Just confirming that I face the same issue.

I have CUDA 11.7 installed via conda, with torch==2.0.0.dev20221225+cu117, but CUDA 11.1 linked outside of conda (and indeed nvcc uses this version). This issue is resolved by installing CUDA 11.7 outside of conda.

1 Like

I also have the same issue on GCP’s Vertex AI (in this case, with CUDA 11.6).

I faced this issue.

I resolved it after installing CUDA 12.0, here:

Looks like CUDA is now open source, so the process was considerably less painful on a cloud machine than it’s ever been.

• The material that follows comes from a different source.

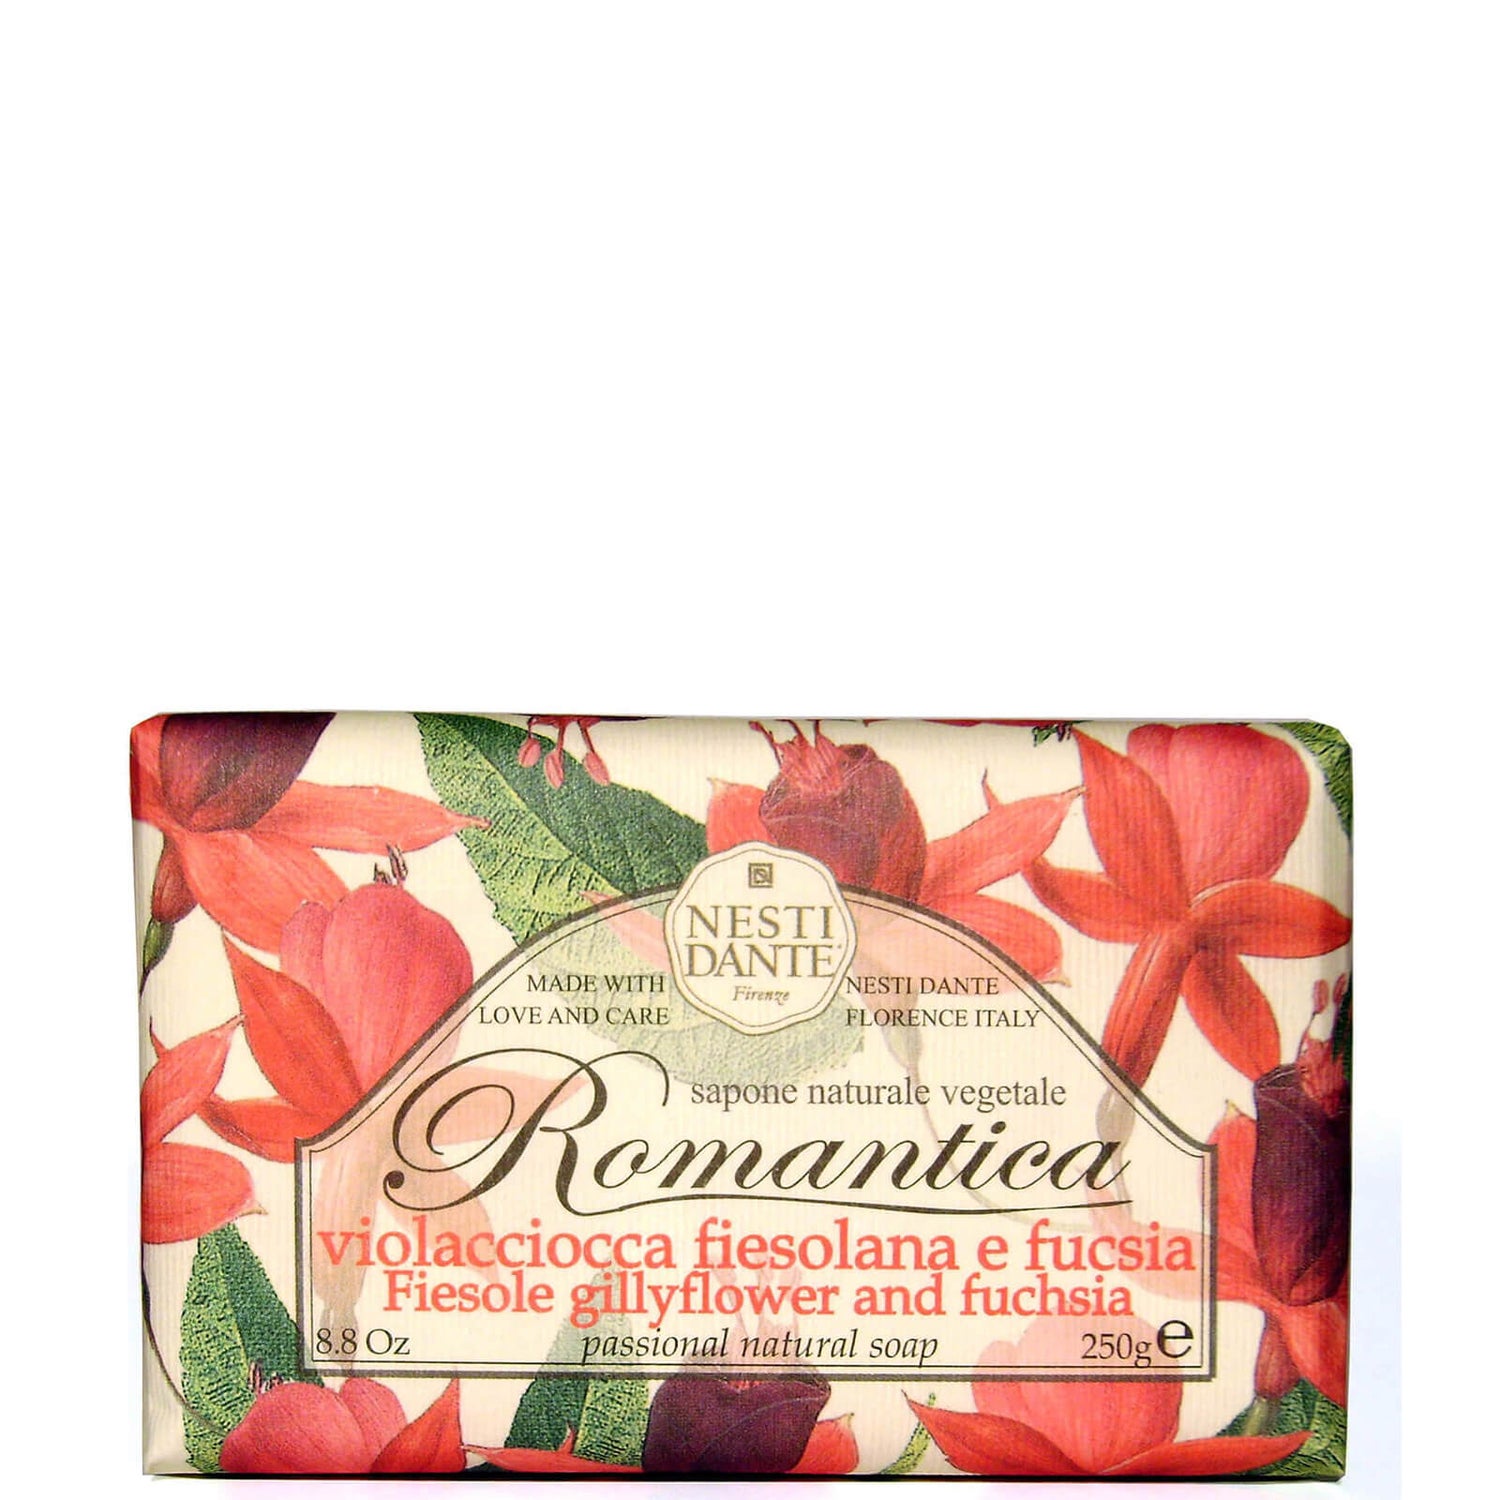 Nesti Dante 浪漫系列香氛手工皂 250g | 康乃馨和灯笼海棠

I’m facing the same issue, but just with the cuda 11.7 version. Unfortunately, i do not have rights to upgrade the local CUDA installation outside conda. Has anyone found another solution to this issue?

1 Like

Installing
conda install -c "nvidia/label/cuda-11.7.0" cuda-nvcc
seems to work for me. (also probably works for all 11.X and 12.0)

@TheDudeJohan Did you try the above?

1 Like

I am using paperspace. I can’t use conda install -c “nvidia/label/cuda-11.7.0” cuda-nvcc to solve the problem.


This problem is Pytorch or any Meta frameworks and libraries have so relied on open source, and when the open source library breaks, everything breaks.

Reproduced Issue in Colab:
(Google Colab)
Any suggestions?

@JonathanSum - I m also facing exact same issue on Colab.
image

I don’t think we will have anyone come here to help us out. We should let the Triton team knows. Can you pin them, so they can come here?